Saturday, 19 November 2016

The Rook, and Stiletto, by Daniel O'Malley

Present-day London is the base for a centuries-old secret intelligence organisation, headed by people with a range of supernatural abilities, which supports the government in various ways including suppressing any uncontrolled supernatural occurrences.  These elements of contemporary urban fantasy in The Rook are not entirely original, you may think, and you'd be right. But the quality of a story lies in how the plot is handled, and this one is done very well.

A young woman gains consciousness and realises that she is standing in a park in the pouring rain, badly beaten and surrounded by dead bodies. She also realises that she has no memories at all, and has no idea who she is. She soon finds information, most particularly letters in her pocket from Myfanwy Alice Thomas, the first starting:  "Dear You, the body you are wearing used to be mine."

Following an information trail left by the letter-writer, the new Myfanwy gradually realises that she has some remarkable powers and that the previous occupant of her body was a senior officer (a Rook – they like chess names) in the Checquy, the aforementioned secret intelligence organisation.

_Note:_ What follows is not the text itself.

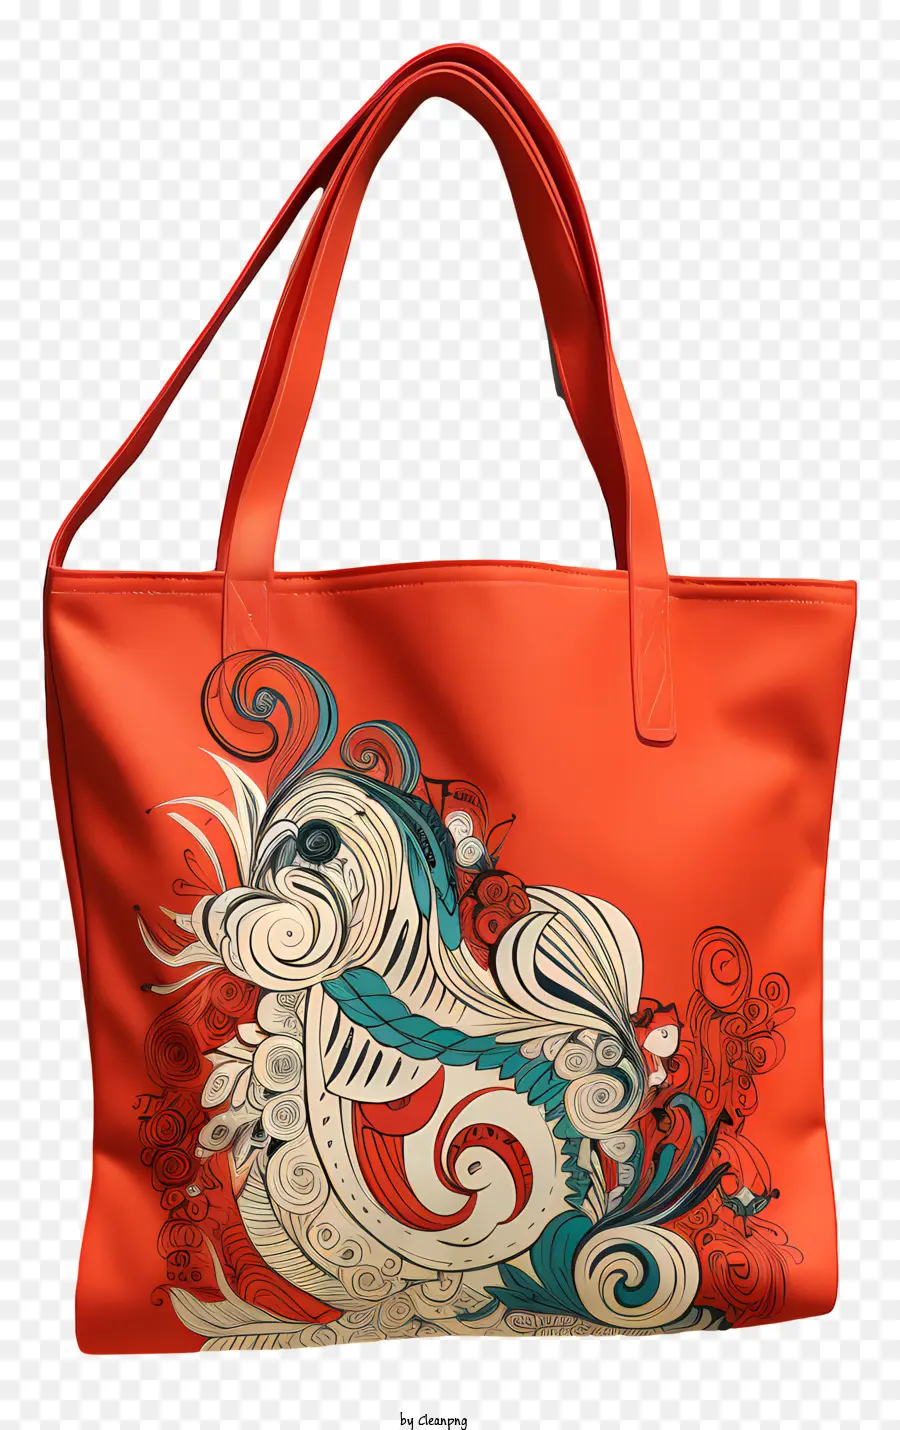 Eco Tog túi da màu cam Túi Tote Thiết kế thiên nga Thiết kế màu xanh và màu đỏ mẫu - Túi tote da màu cam với hình ảnh thiên nga

The old Myfanwy had received occult advanced warning about what was going to happen to her, which was the result of an attack by an unknown senior person in the organisation, so had prepared for her successor. New Myfanwy, with the help of the copious guidance notes left by her body's previous owner, has to convince the Checquy hierarchy that she is who she appears to be, while trying to work out who had attacked her. It doesn't help that her personality is very different from the shy original, being far more assertive. Or that she is constantly under pressure to deal with a range of weird emergencies, leaving her with little time to address the threat to herself.

The Rook is a fun mystery/adventure/crime thriller with horror elements which I was reluctant to put down and eager to get back to – something that happens too rarely these days. New Myfanwy is a resourceful  and likeable character and this reader was cheering her on from beginning to end. The only niggle which bothered me was, as usual, something rather more mundane than super-powers and vampires: I couldn’t help wondering how, if the original Myfanwy’s memories and personality were completely wiped, a functioning human being with a fully-formed – and very different – personality was left in her place; where did she some from? Our personalities are to a great extent the sum total of our experiences and memories, after all. With those all wiped, what would be left? Maybe this will be addressed in the sequel, Stiletto, which was released recently and is at the top of my “to buy” list.


Stiletto continues the story, with some significant differences: most noticeably, while retaining an important role, Myfanwy no longer provides the viewpoint. Instead, this is shared between two contrasting characters: Felicity Clements, a junior Pawn soldier of the Checquy, and Odette Leliefeld, a young medical specialist of a rival European secret organisation, the Wetenschappelijk Broederschap van Natuurkundigen, better known to the Checquy as the Grafters. The Grafters are fundamentally different from the Checquy in that they are not born with any special abilities but have mastered medical science to a phenomenal degree, using their skills to build a range of enhancements into their bodies.

We learned towards the end of The Rook that a deadly emnity had existed between the two organisations for centuries, following a brief, devastating war between them. But a tentative peace agreement had been reached (largely due to Myfanwy's involvement); this is where Stiletto begins, and it remains the main plot thread throughout. Odette is part of the Grafter delegation to peace talks in London and a reluctant Felicity is assigned to her as a bodyguard. The pair do not initially get on, but contribute their different skills in a series of crises, most particularly concerning an unknown third party which seems to be focused on destroying the peace agreement, the resolution of which forms the climax of the story.

Like the first volume, Stiletto is an intriguing page-turner with likeable characters and is written with sardonic humour – sometimes, perhaps, a little too much of it. The writing also shows signs of bloat, with time taken out for long biographies and descriptive passages, which slows the pace in parts of the story. Finally, for my taste the various monsters that have to be dealt with are somewhat extreme, although I have no doubt that other readers will enjoy this. Oh, and there is still no explanation for the arrival of Myfanwy's strong new personality, nor any further mention of the devastating "weapon of mass destruction" she deploys twice at the start of The Rook. Despite this, Stiletto is a worthy sequel which maintained my interest throughout.

Overall, these two novels are a significant addition to contemporary urban fantasy and I will be looking out for any sequels.